If you want others to benefit, post the source of the whole thing…

Wasn’t this a skateboard movie?

Thing is, I don’t know how I fixed it. I have been trying to recreate the whole thing in libgdx and I am running into the same problem.
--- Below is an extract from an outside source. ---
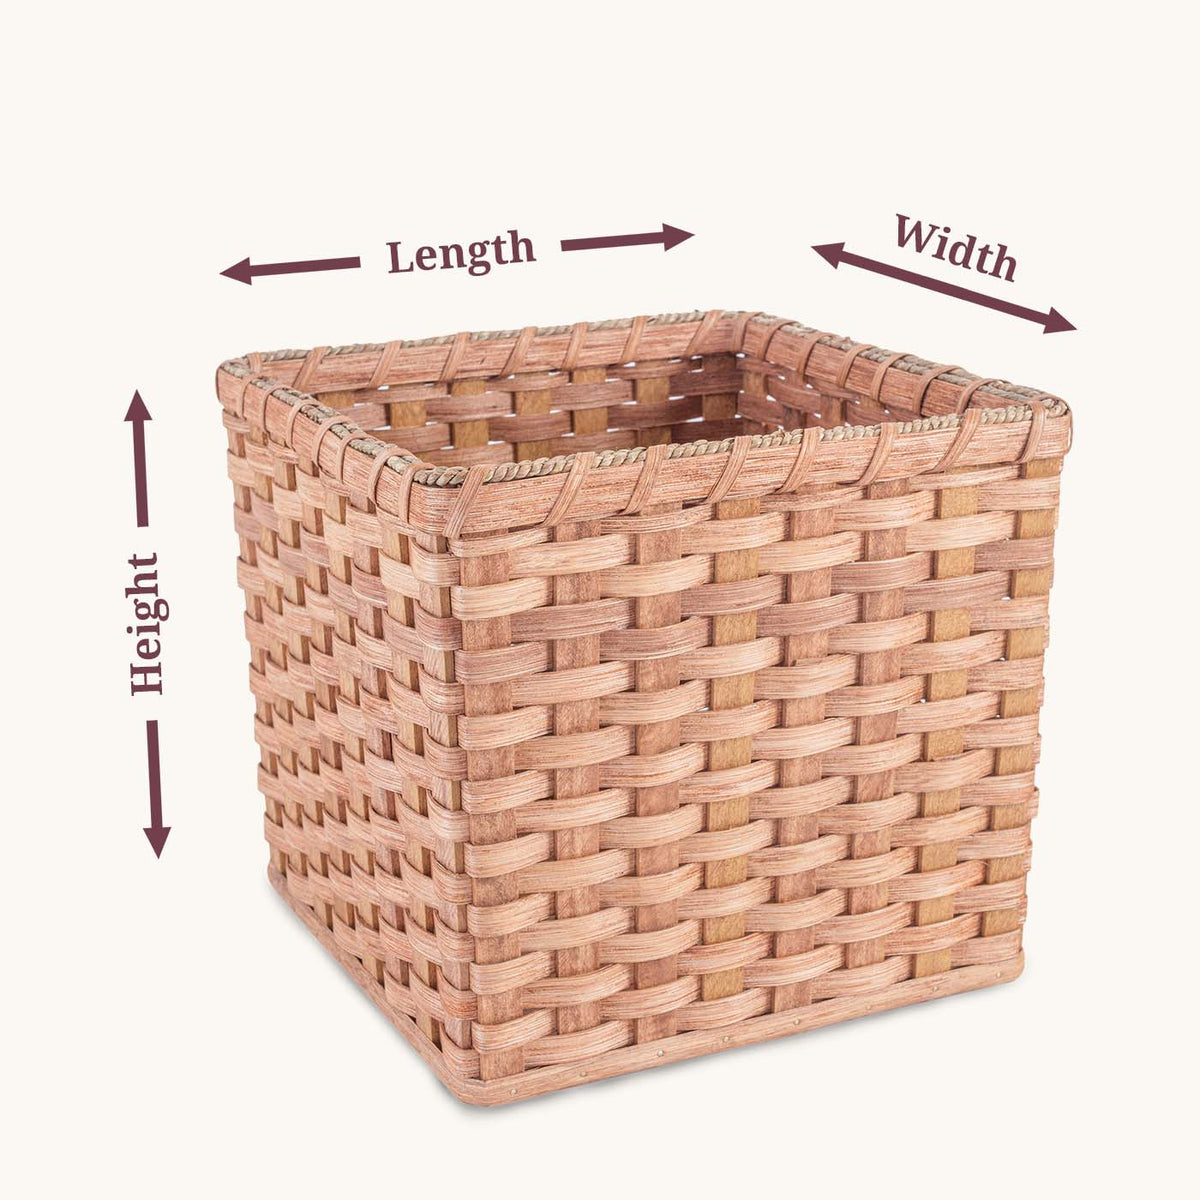 Rectangular Storage Basket for Living Room, Small Kitchen Storage

Anyway, here are the shaders that worked:

#version 120
varying vec3 f_color;
varying vec3 f_normal;
varying vec3 f_coord;
uniform mat4 m,v;
uniform mat3 nm; //normal matrix
uniform vec3 lightpos;
vec3 ambient = vec3(0.4,0.4,0.4);
vec3 lightcolor = vec3(0.8,0.8,0.8);
void main(void) {
  vec3 normnorm = normalize(f_normal);
  vec3 dirtolight = lightpos-(f_coord);
  float distance = length(dirtolight);
  float diffuse = max(dot(normnorm,normalize(dirtolight)),0.0);
  vec3 lightweight = (ambient+lightcolor*diffuse);
  vec4 color = vec4(f_color*lightweight,1.0);
  gl_FragColor = color;
}
#version 120
attribute vec3 coord;
attribute vec3 normal;
attribute vec3 color;
uniform mat4 matrix;
uniform mat4 m,v;
uniform mat3 nm;
varying vec3 f_color;
varying vec3 f_normal;
varying vec3 f_coord;
//varying float diffuse;
void main() {
   //vec3 lightpos = vec3(0.4,0.8,0.4);
   f_color = color;
   f_coord = (vec3(m*vec4(coord,1.0)));
   f_normal = normalize(nm*normal);
   gl_Position = matrix * vec4(coord,1.0);
}

Oh… Figured it out. When the light gets more a certain distance above an object it begins to look like per vertex lighting.